Max’s trust renewed itself fully. And now more than ever did he believe his father deserved to know the truth about Rodney, and all the awful things Kelly had said. It was the perfect time to say it. Rasheed had just opened up to him in an unprecedented way. He should confess the terrible thing he had done with her that night too. But he didn’t. He just let the pitch silence of the tree house hold it all in. He wasn’t yet strong enough to
break his father’s heart, or maybe he was starting to understand that Rasheed wasn’t strong enough to have his heart broken.

He lay in bed the next morning, his father already at work, when he heard the front door crash shut. Kelly had left a note on the kitchen table:
Too bad it worked out this way. Rodney and I left for good. —K

When Rasheed came home he stayed seated at the table. His skin and eyes looked dehydrated. His cheeks were a deflated, craggy, dried-up mess, like a turtle’s.
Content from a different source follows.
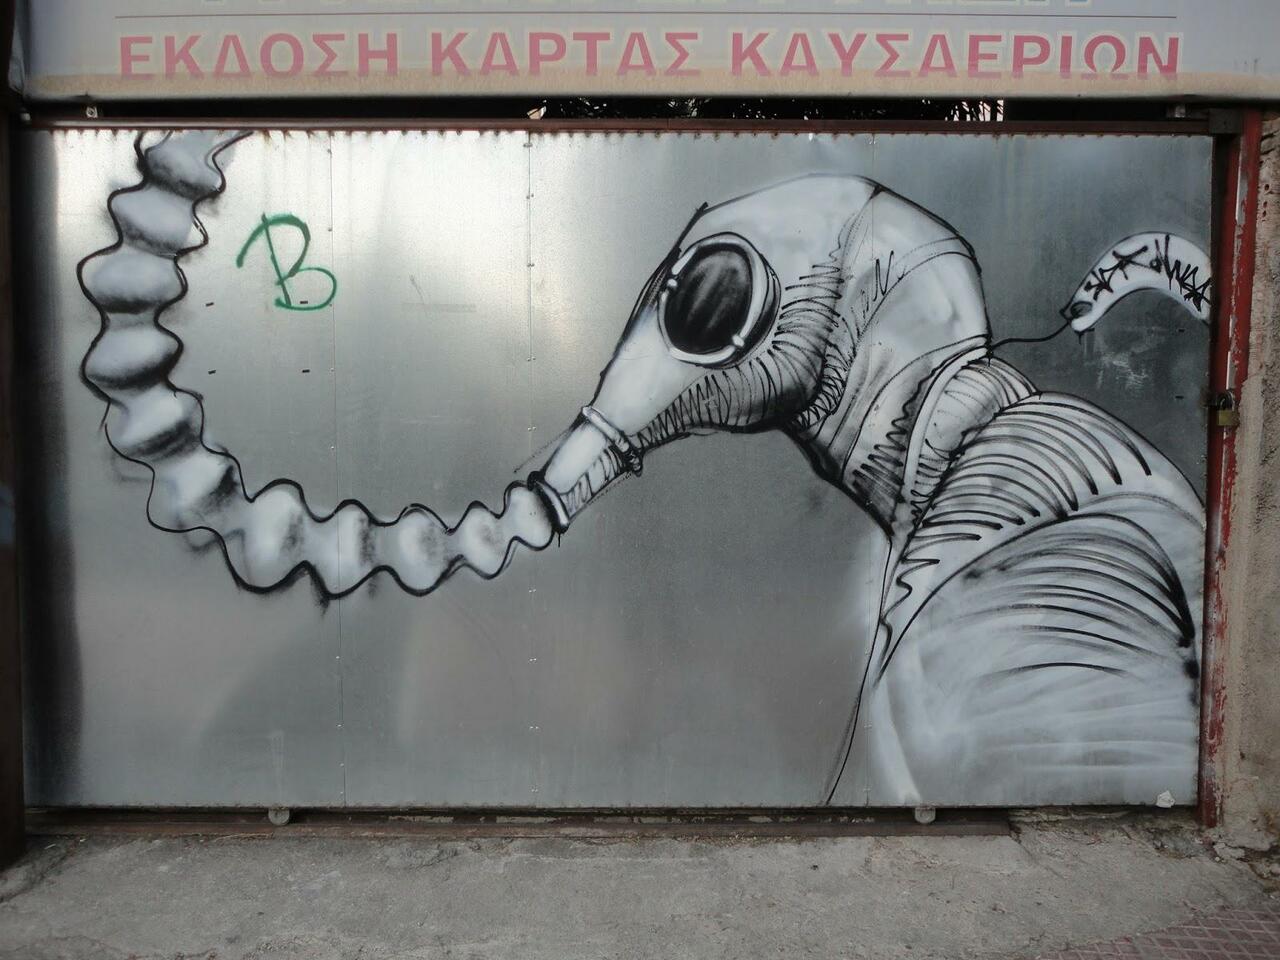 Once upon a time in #Athens, #20 http://bit.ly/1KLEHGu #streetart #graffiti #mural #antireport http://t.co/AavZ0raLhe

He said, “I’m sorry, Max. She’s gone now.”

“I know, Dad.” Max had the urge to say,
And thank God, it’s about time.
The astonishing thing about it all was how Rasheed didn’t understand that she had never cared about them. How could he have been so blind? So stupid? Maybe he’d seen Kelly as a symbol of something, her actual personality being irrelevant. Maybe she represented hope, simply by being a woman willing to live in their house, of distracting him from the guilt of surviving that day in Beirut so many years ago. But how could a man three times Max’s age believe that any woman would do? That one was as good as another? When his father put his head in the crook of his arm and his shoulders shuddered, Max felt his own knees about to buckle. He scolded himself. Rasheed should be as blind as he needed. Lying to one’s self is a basic right. A necessary tool for survival.

The following day, Rasheed didn’t get out of bed for work. Max peeked into his room and saw him lying on top of his covers wearing last night’s clothes. He took off his father’s shoes and put a blanket on him, hearing him mumble that he must have caught some flu virus and needed a little rest. He didn’t get up for three days except to go to the bathroom. This flu cost him his night shifts at the diner. Max answered the phone calls
from his boss, first passing on the warnings and then that they were letting him go. Rasheed didn’t respond to any of the news.